**Data supplied**
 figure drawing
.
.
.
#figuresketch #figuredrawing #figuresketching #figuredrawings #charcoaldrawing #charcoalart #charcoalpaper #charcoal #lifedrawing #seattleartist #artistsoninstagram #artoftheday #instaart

* * *

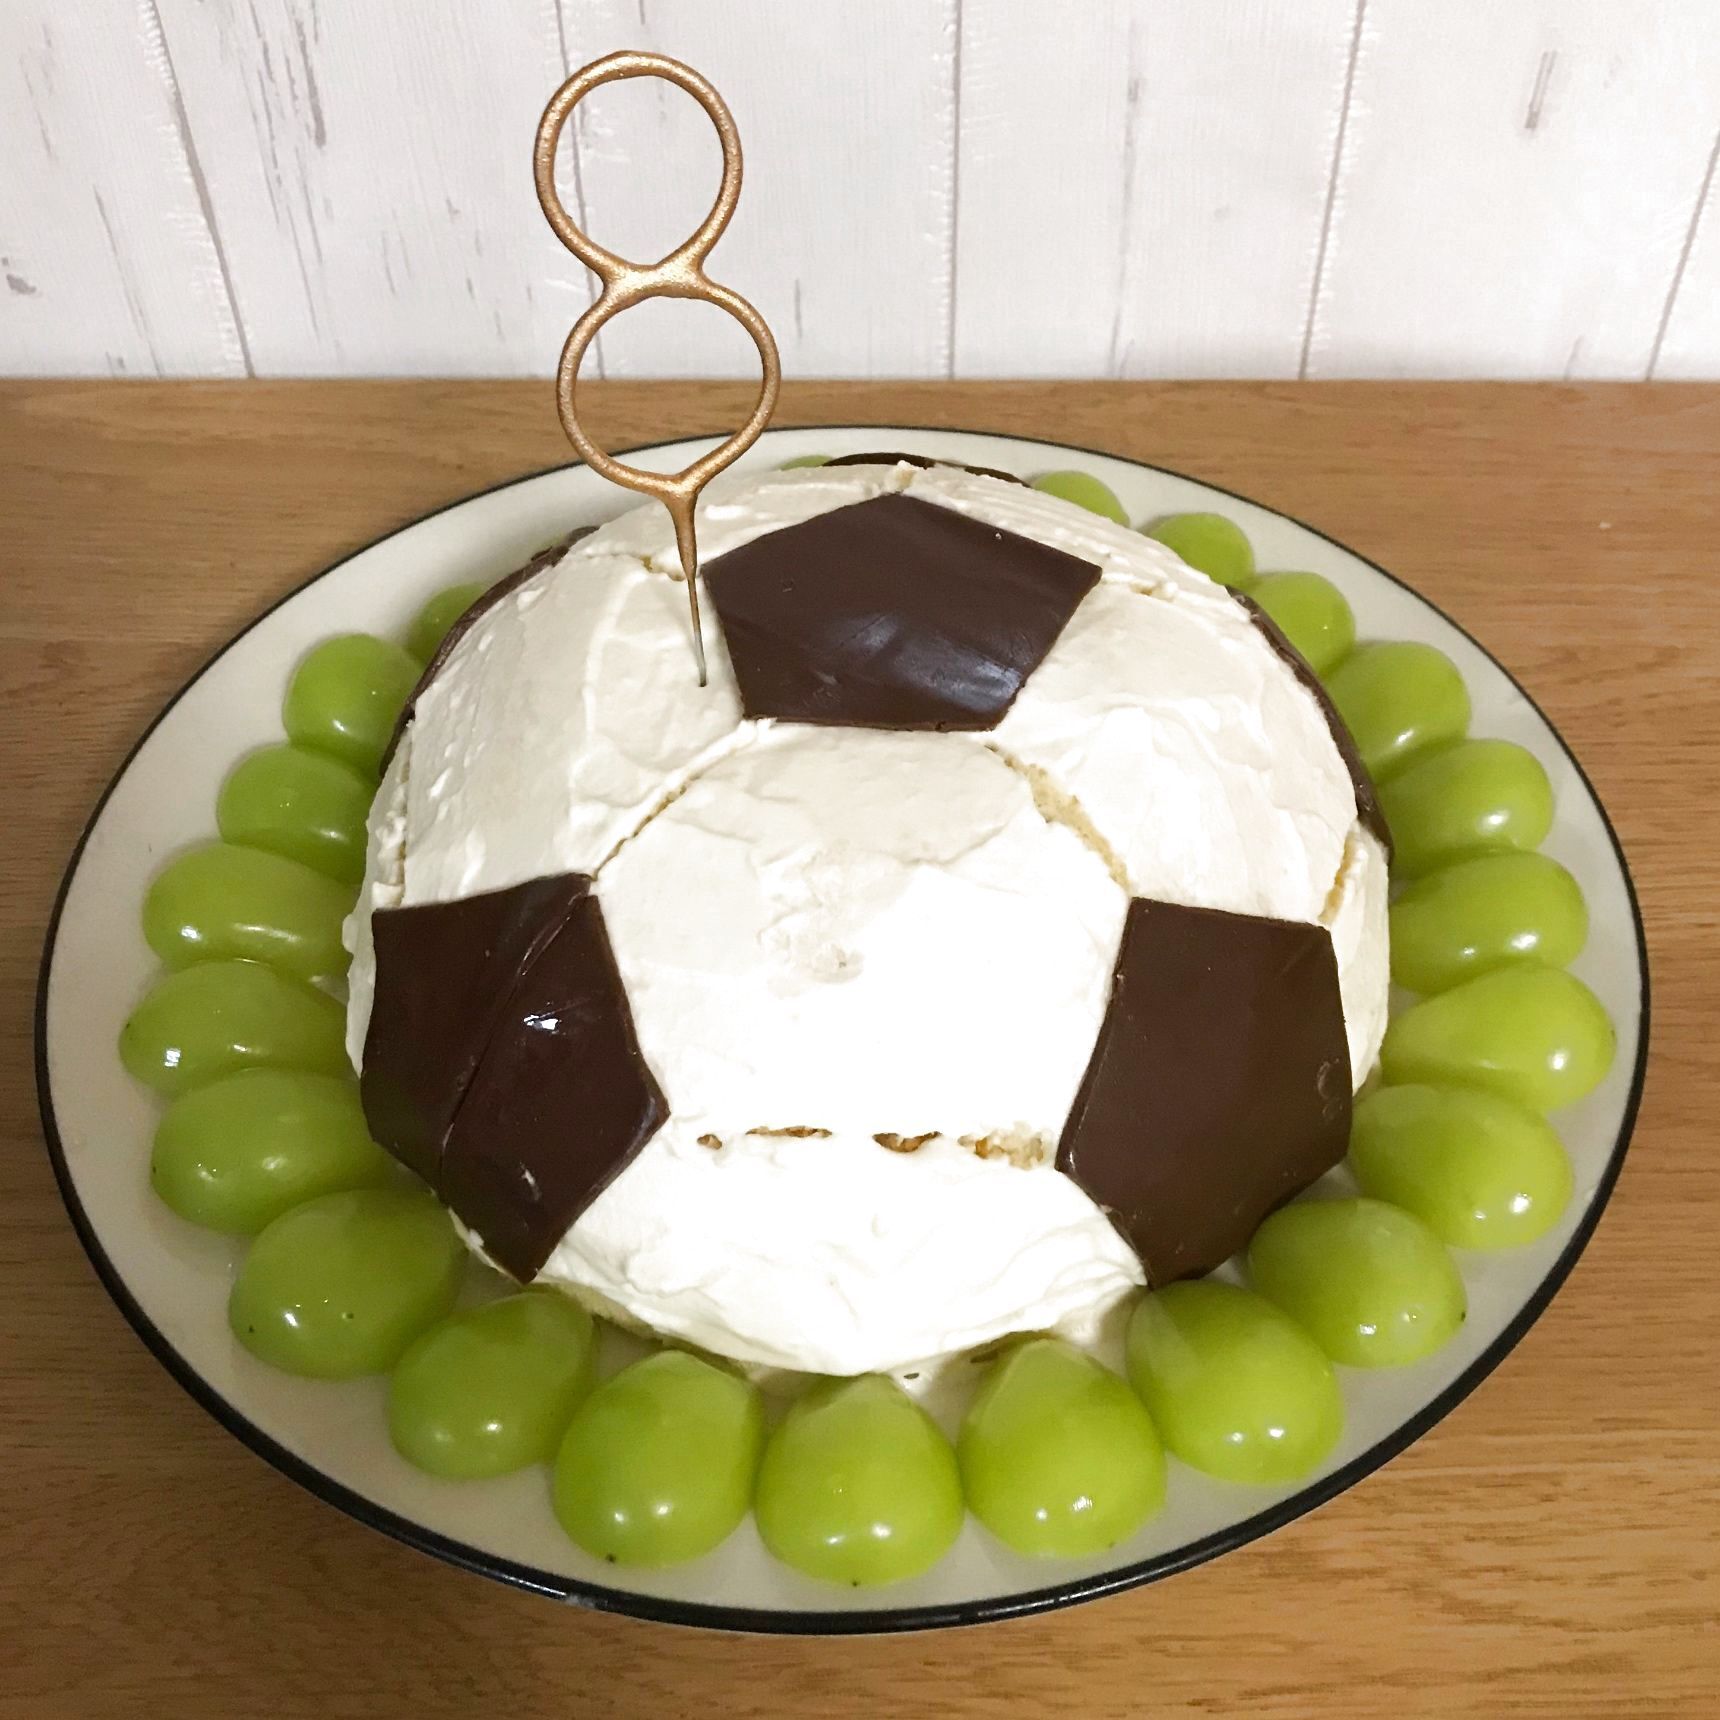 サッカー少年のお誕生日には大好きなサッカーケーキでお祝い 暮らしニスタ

--

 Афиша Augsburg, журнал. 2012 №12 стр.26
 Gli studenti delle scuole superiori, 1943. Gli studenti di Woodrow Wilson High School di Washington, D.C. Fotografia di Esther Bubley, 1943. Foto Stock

**Work item**
From the entries above, write out only the lines starting at the line that holds "Афиша Augsburg, журнал. 2012 №12 стр.26" and ending at the line that holds "Gli studenti delle", keeping both and matching them exactly.

**Solution for this exercise**
 Афиша Augsburg, журнал. 2012 №12 стр.26
 Gli studenti delle scuole superiori, 1943. Gli studenti di Woodrow Wilson High School di Washington, D.C. Fotografia di Esther Bubley, 1943. Foto Stock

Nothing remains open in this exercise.